I have been somewhat interested in a confusion that I've seen a lot recently, between the two following descriptions (or their equivalents):
(1) Knowledge of a system of beliefs S
(2) Treating S as a system of knowledge
The confusion involved here is between 'S as a thing known' and 'S as (a system of) things known'. The two are not at all the same. Someone could have knowledge of a system of beliefs they consider completely wrong; for instance, I could acquaint myself with the beliefs of astrologers in order to refute them more thoroughly. Situations that require me to know the beliefs of astrologers do not thereby require me to consider astrology a legitimate body of knowledge. I do not have to put any trust in horoscopes in order to know what people do when they practice horoscopy; this is simply a matter of research, not astrological practice. You can be an expert on ancient Greek religion without being a devotee of it; you can do respectable research into the worship of Moloch without trying your hand at immolating children. Urging someone to come to know a system of belief is not the same thing as urging them to treat the system of belief as a system of knowledge. That would be a conflation of the object of knowledge with knowledge itself.

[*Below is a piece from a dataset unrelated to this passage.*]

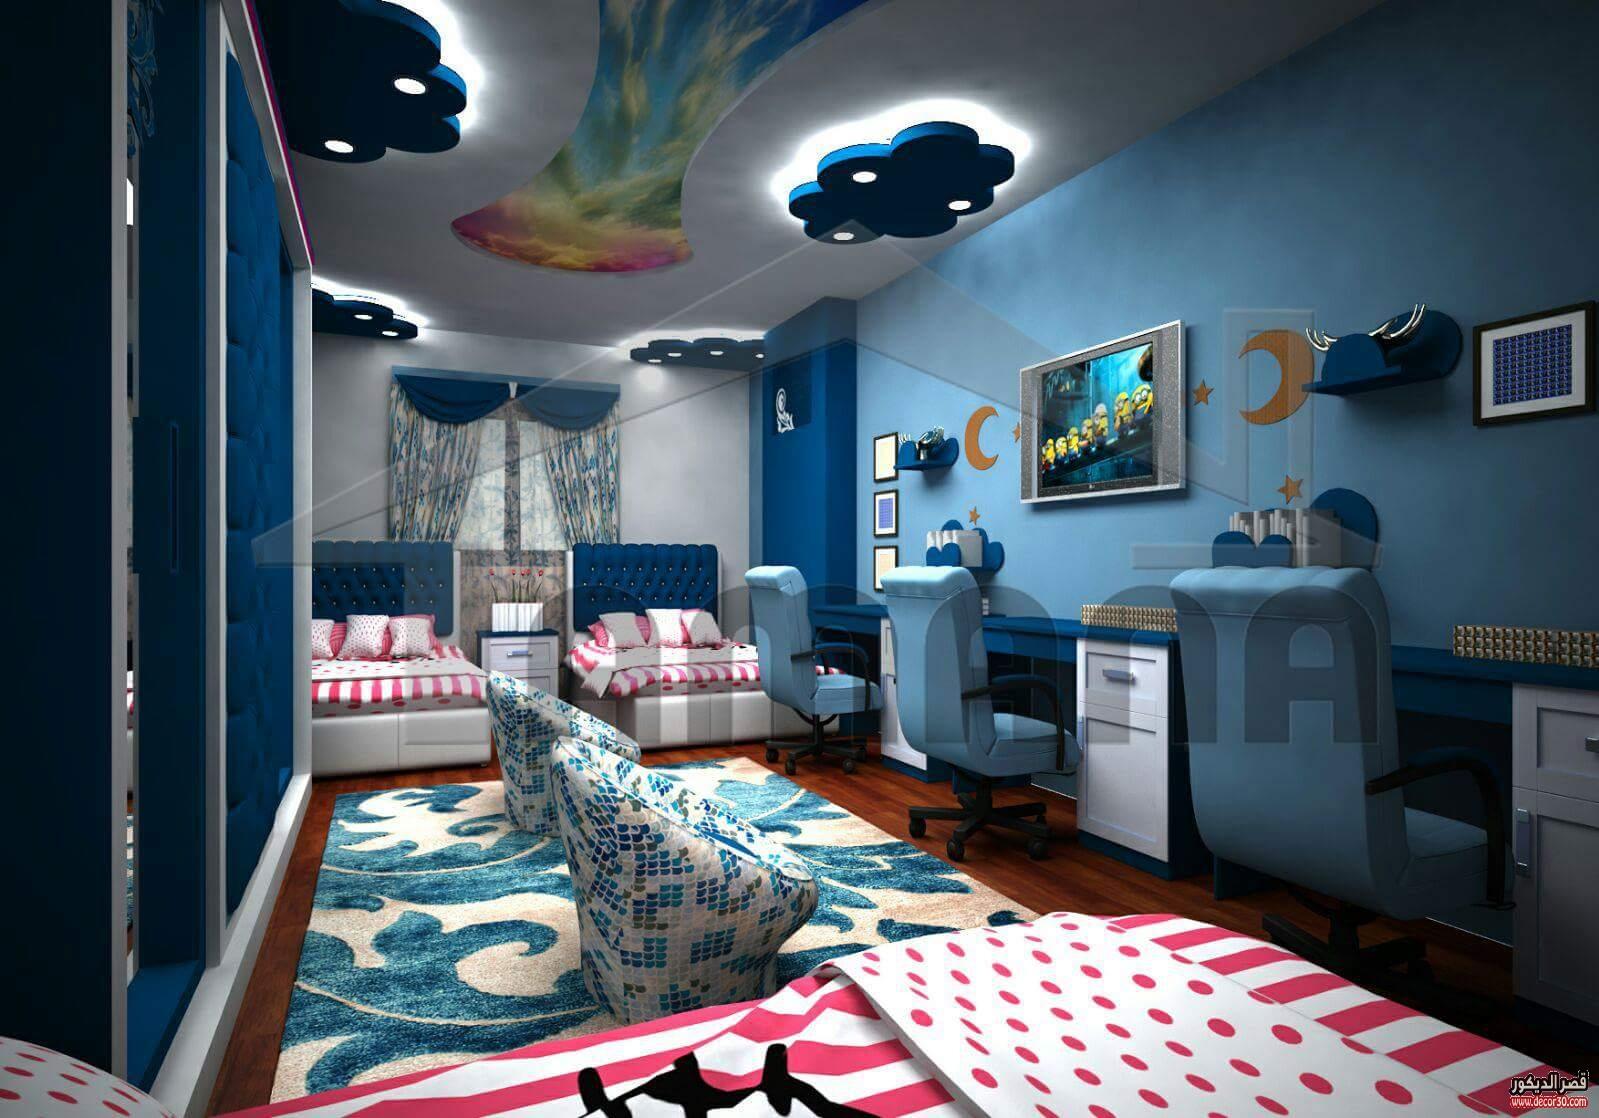 اوض نوم اطفال اولاد مودرن كاملة غرف نوم اولاد شباب قصر الديكور

What puzzles me is why anyone would fall into this confusion in the first place. It's not a very difficult confusion to avoid, if we aren't engaging in massive equivocations; there are plenty of obvious parallel instances where people can know what's in S without taking S as a body of known truths; an epistemology in which you couldn't know any falsehoods -- even to know that they are false, and the ways in which they are false -- would be a very peculiar epistemology indeed. Perhaps it has to do with thinking that only truths are known, without recognizing that even when dealing with false claims and beliefs there are truths about those false claims and beliefs that can be known.